Work item –
Could you copy the data that follows exactly as written, but drop the pictures?

Dataset section –
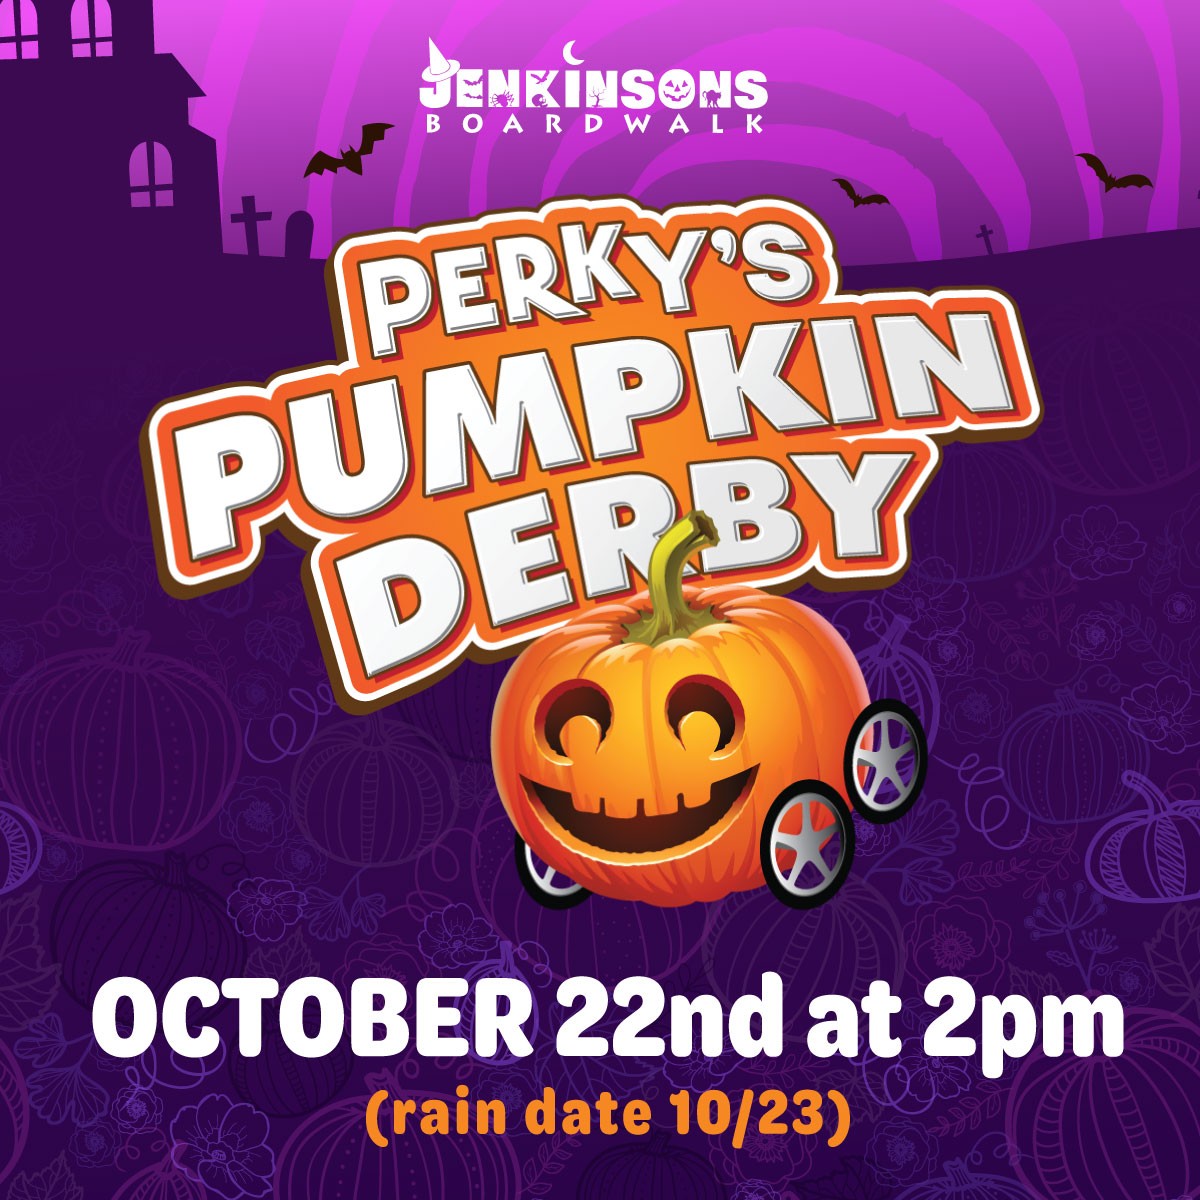 perky's pumpkin derby
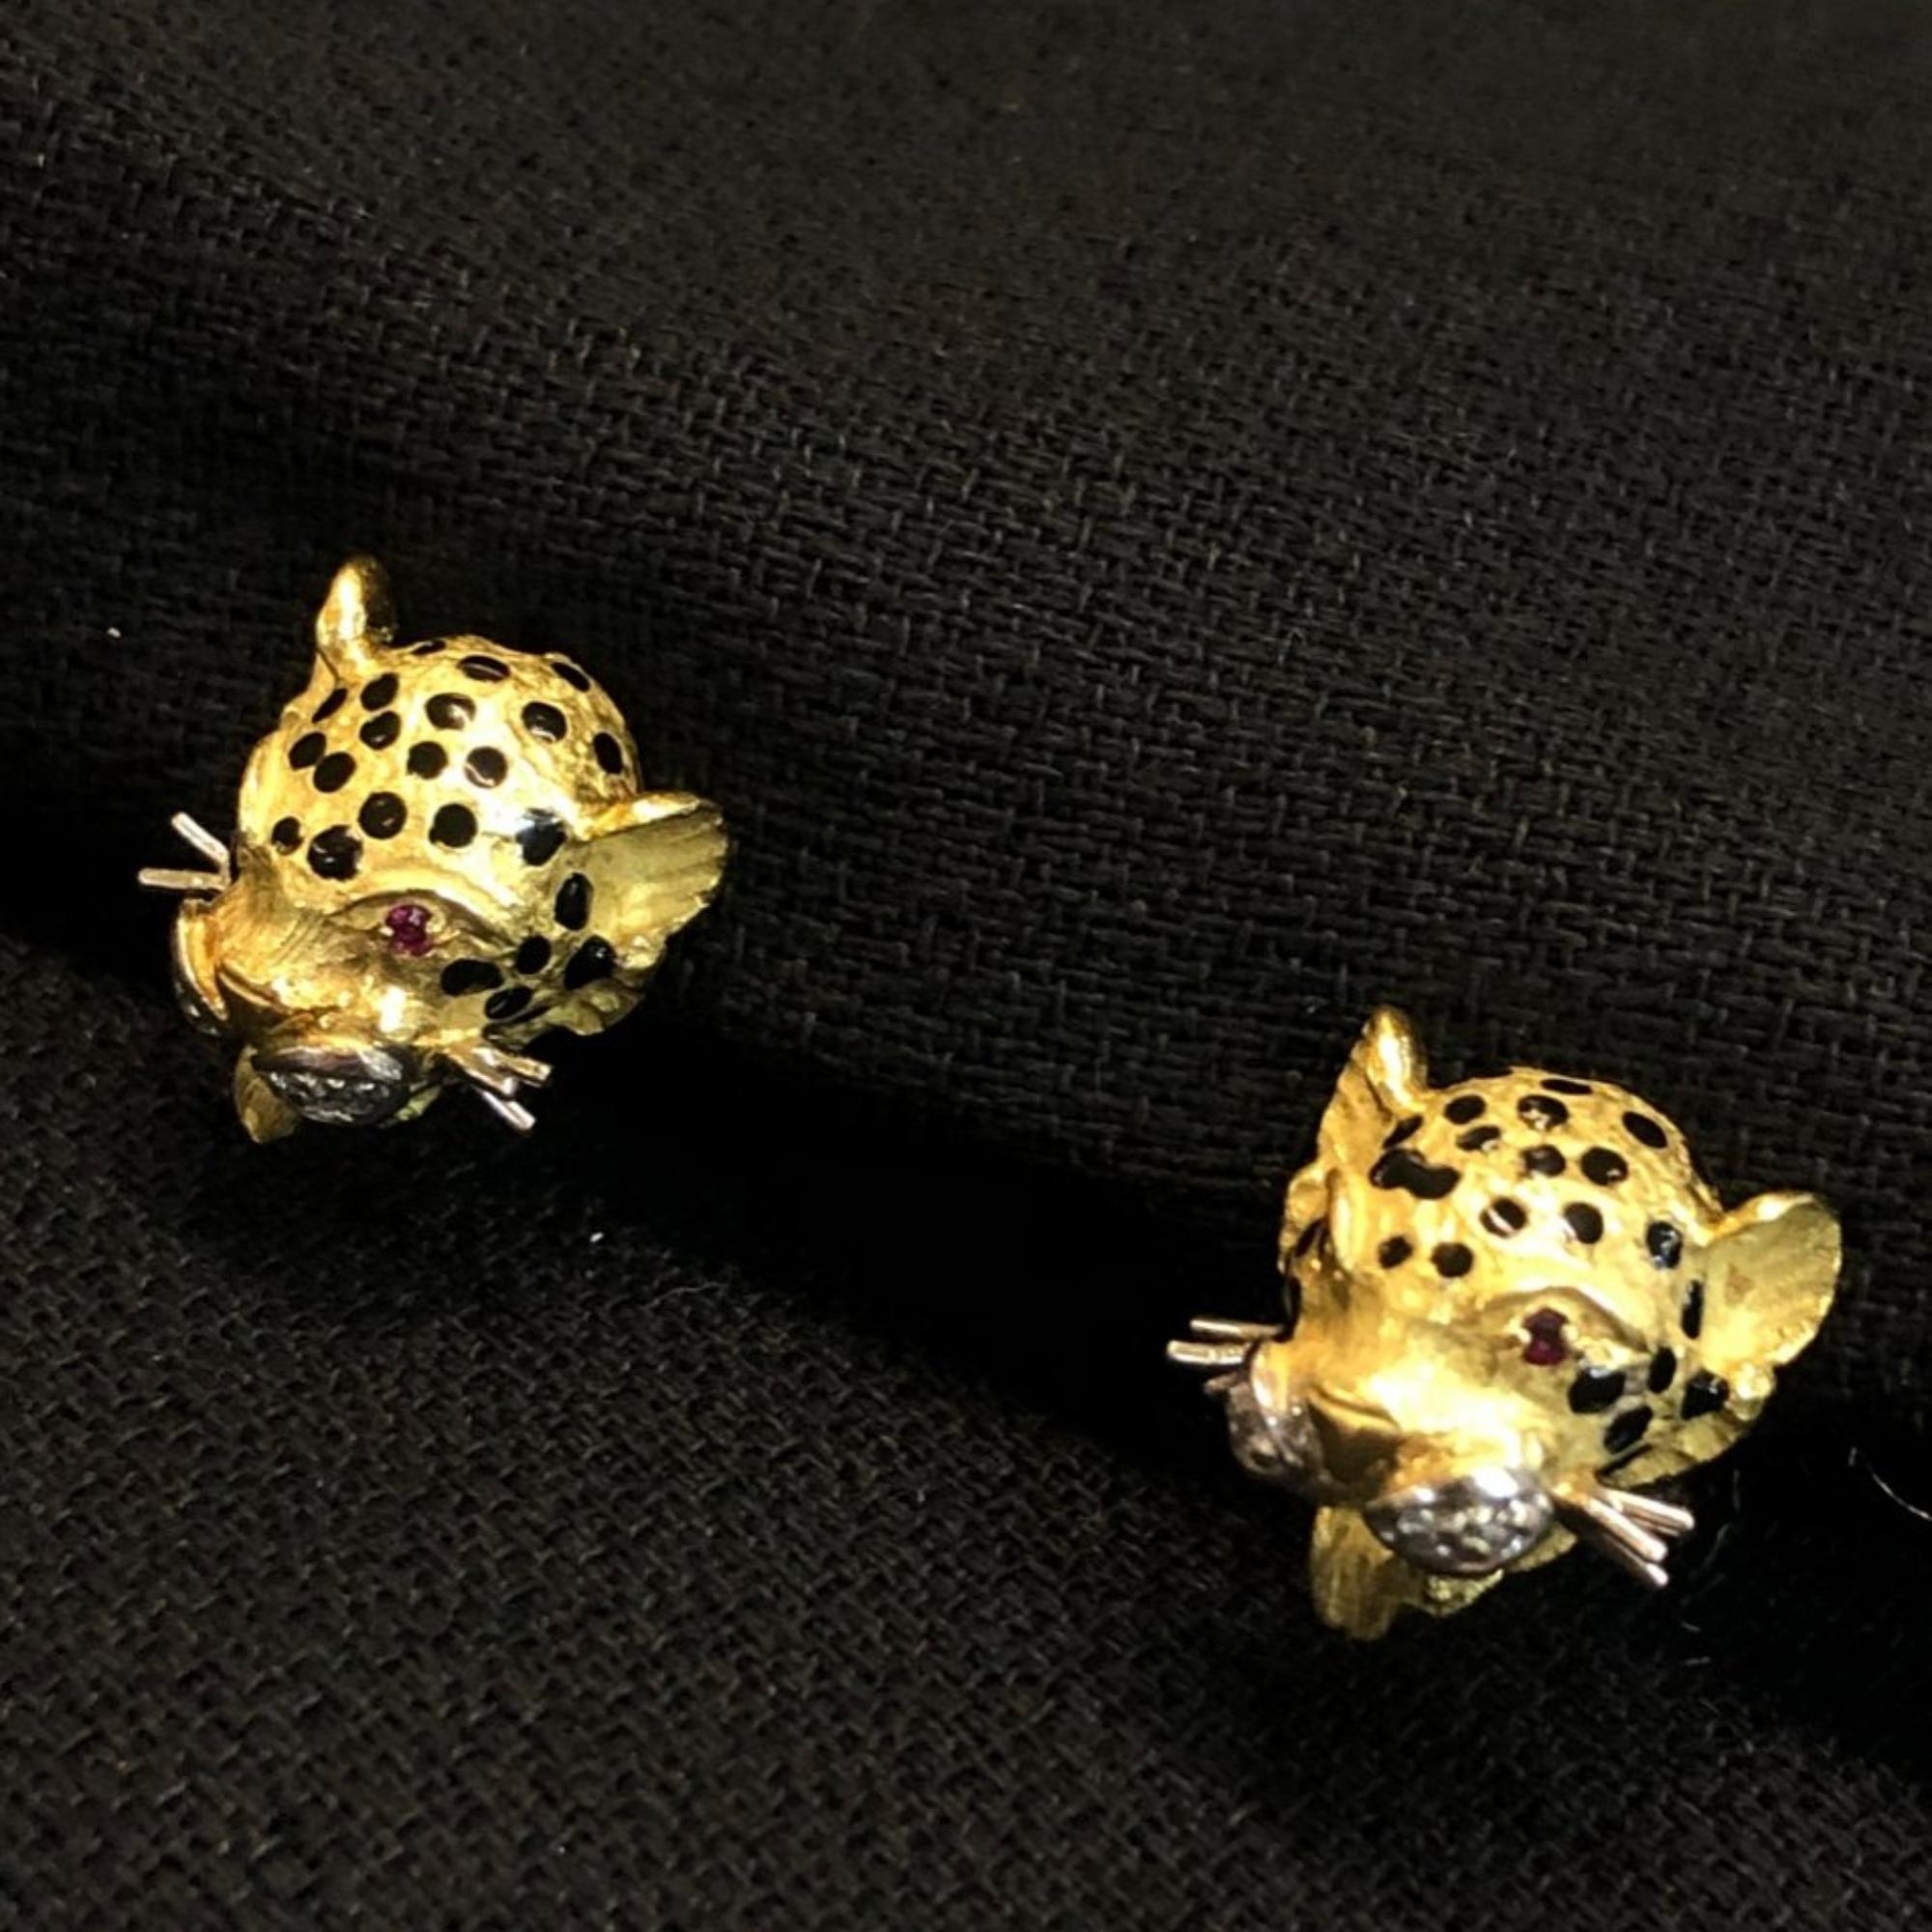 Découvrez l'élégance avec les boucles d'oreilles clip Léopards. Confectionnées en or jaune 18 carats elles sont ornées de diamants et rubis vibrants, ces magnifiques créations captivent par leur allure.

Parfaites pour ajouter une touche de

Task solution –
 perky's pumpkin derby
 Découvrez l'élégance avec les boucles d'oreilles clip Léopards. Confectionnées en or jaune 18 carats elles sont ornées de diamants et rubis vibrants, ces magnifiques créations captivent par leur allure.

Parfaites pour ajouter une touche de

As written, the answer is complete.